We will have theory lunch this Thursday at the usual time (food at 12:15pm, talk at 12:30pm) and place (Gates 463A).   The speaker will be Greg Bodwin, who will tell us about distance preservers.

Be there!

Dan

==================================

Title: Linear-Sized Distance Preservers

Abstract:

Given a graph G = (V, E) and a set of node pairs P, a distance preserver is a sparse subgraph that exactly preserves all pairwise distances in P.  The most famous and well-applied result in distance preserver theory, commonly taught in undergraduate classes, is the "Shortest Path Tree Lemma:" if P has the structure P = {s} x V, then G, P has a distance preserver on O(n) (or equivalently O(|P|), because |P| = n) edges.

In many natural situations, however, P does not happen to have the convenient structure P = {s} x V.  Here, it is natural to wonder if the excellent O(n) or O(|P|) sparsity guarantees from Shortest Path Trees are still available despite the lack of structure on P.  That is the question we address in this work: can we ever say that all G, P has a preserver of size O(n) or O(|P|), without assuming any particular structure for the pair set P?
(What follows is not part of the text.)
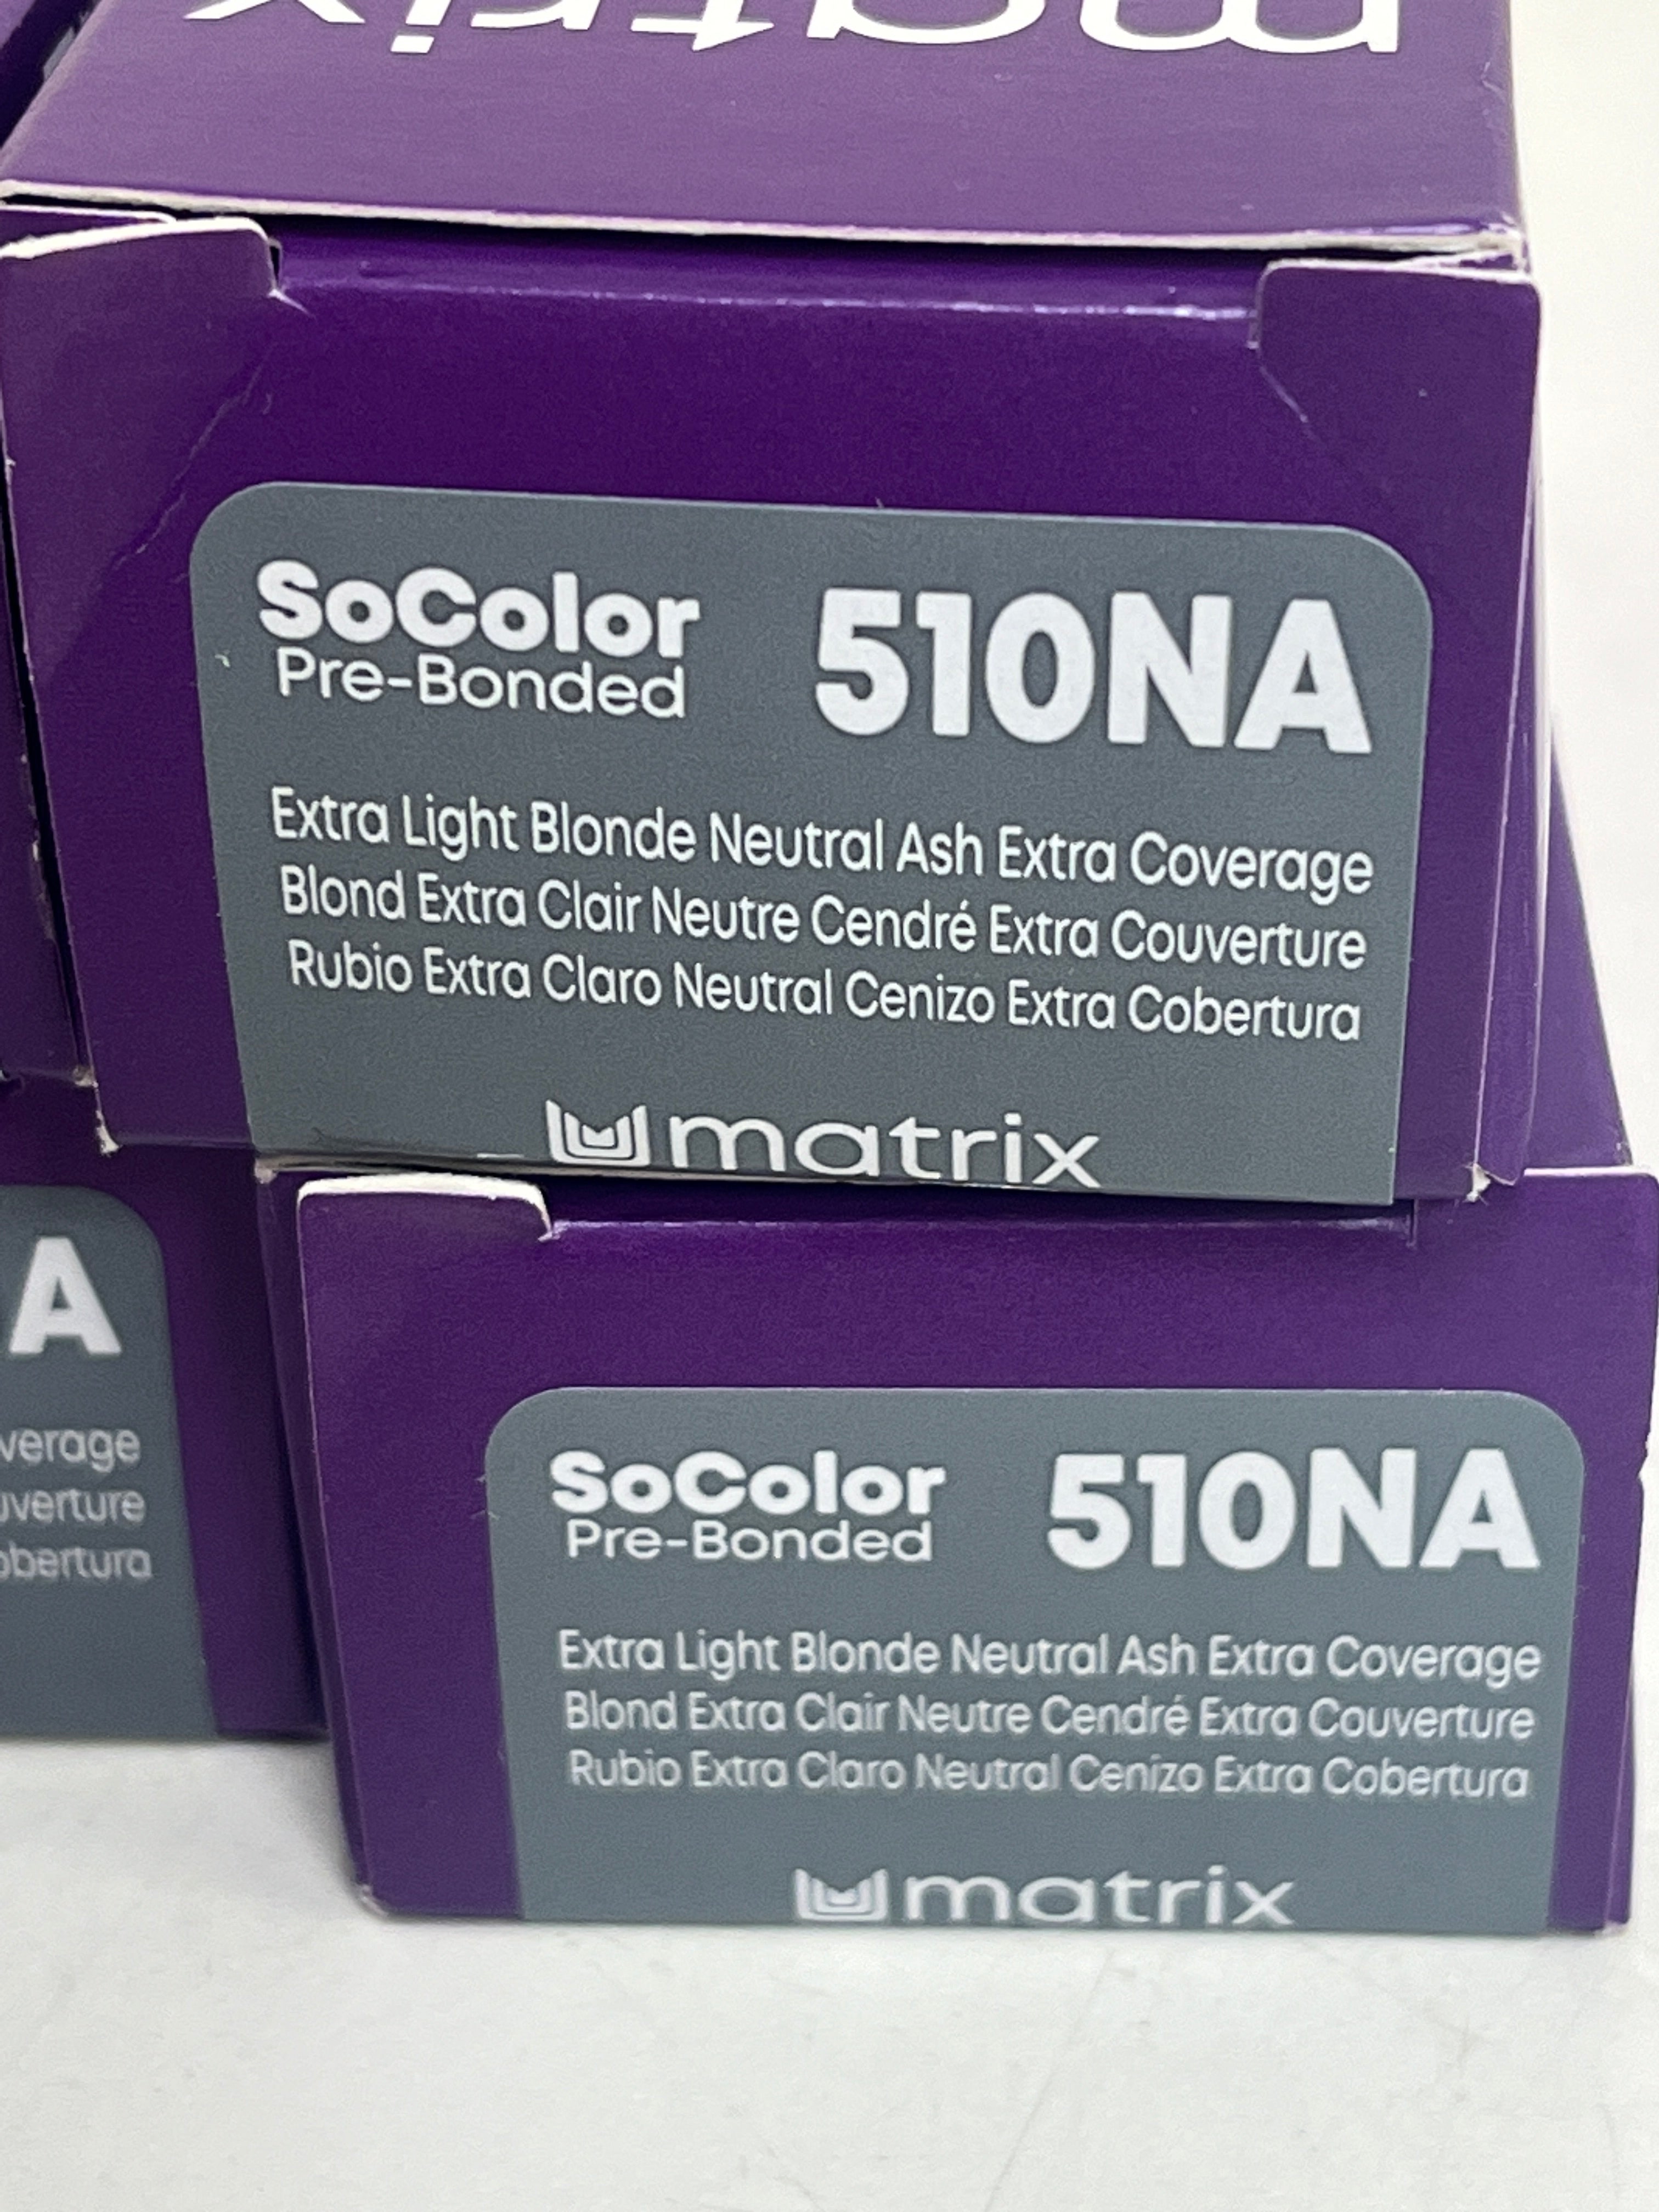 Matrix Socolor Pre Bonded 510NA Extra Light Blonde Neutral Ash Permanent Color
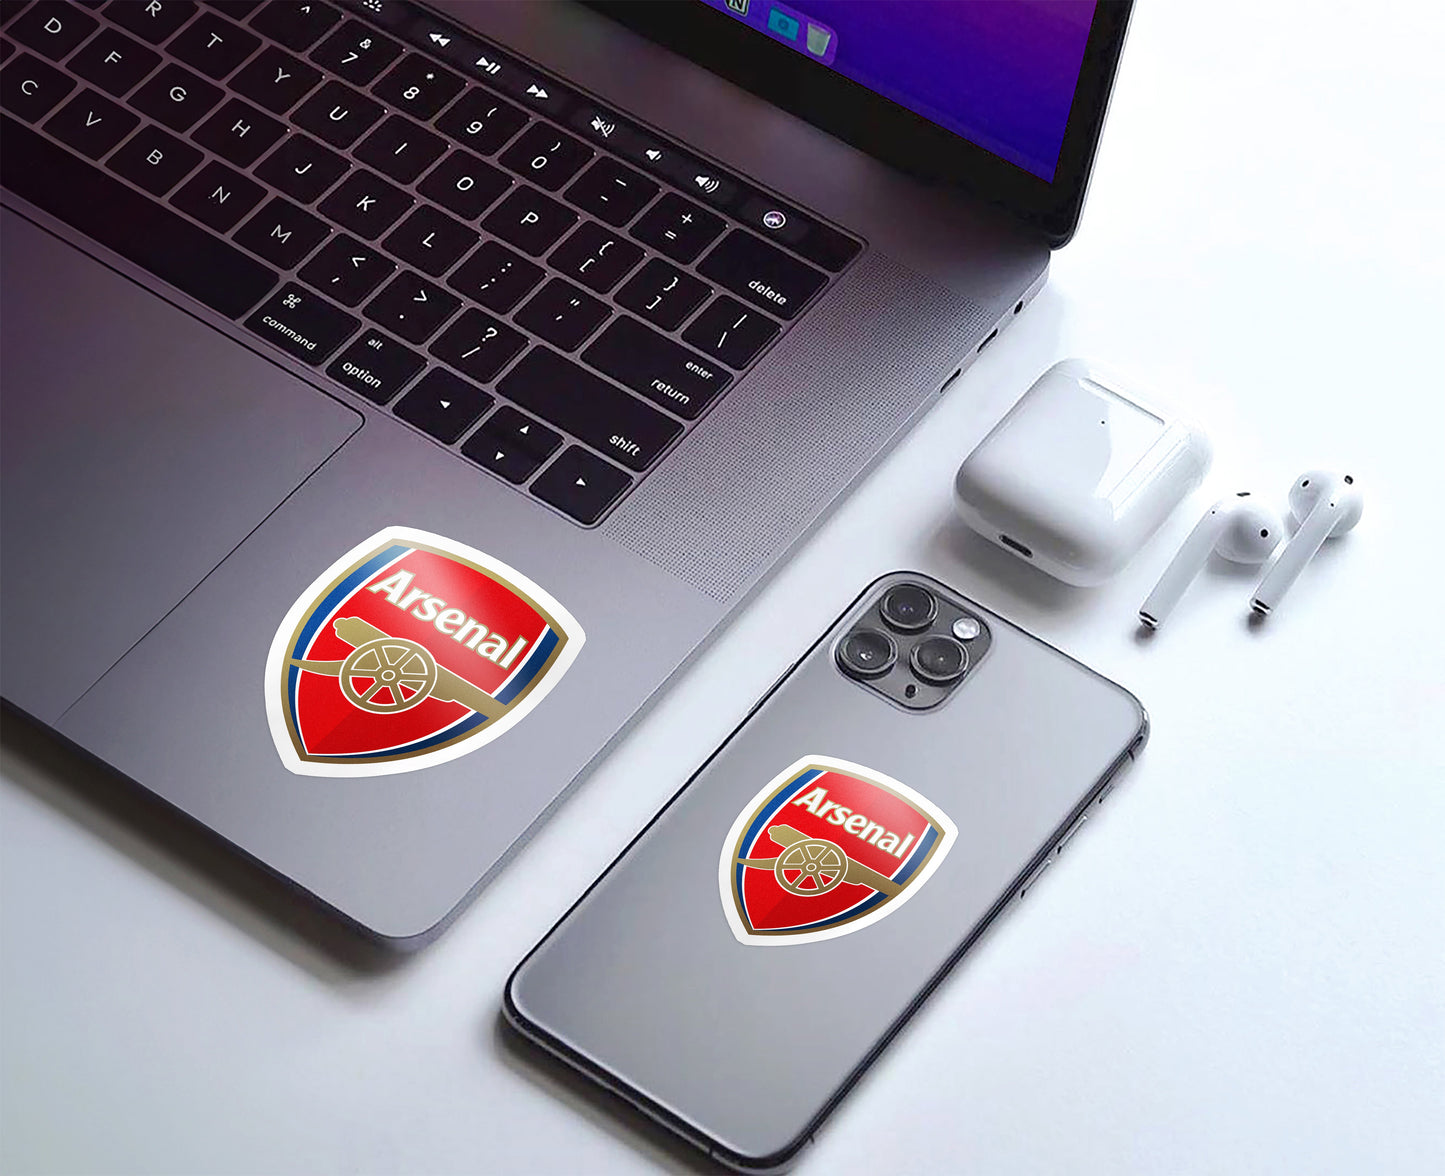 Arsenal FC Magnetic Sticker

Surprisingly, the answer is yes!  We show:
(1) All G, P has a distance preserver on O(n) edges, so long as |P| = O(n^{1/3}).  This holds even if G is directed and/or weighted.
(2) All G, P has a distance preserver on O(|P|) edges, so long as |P| is "sufficiently large" (roughly |P| = n^2 / 2^{O(sqrt log n)}).

In this talk, we will overview these results, briefly discuss the computational problem of producing preservers within these sparsity bounds, and then discuss some interesting open questions that arise from this work.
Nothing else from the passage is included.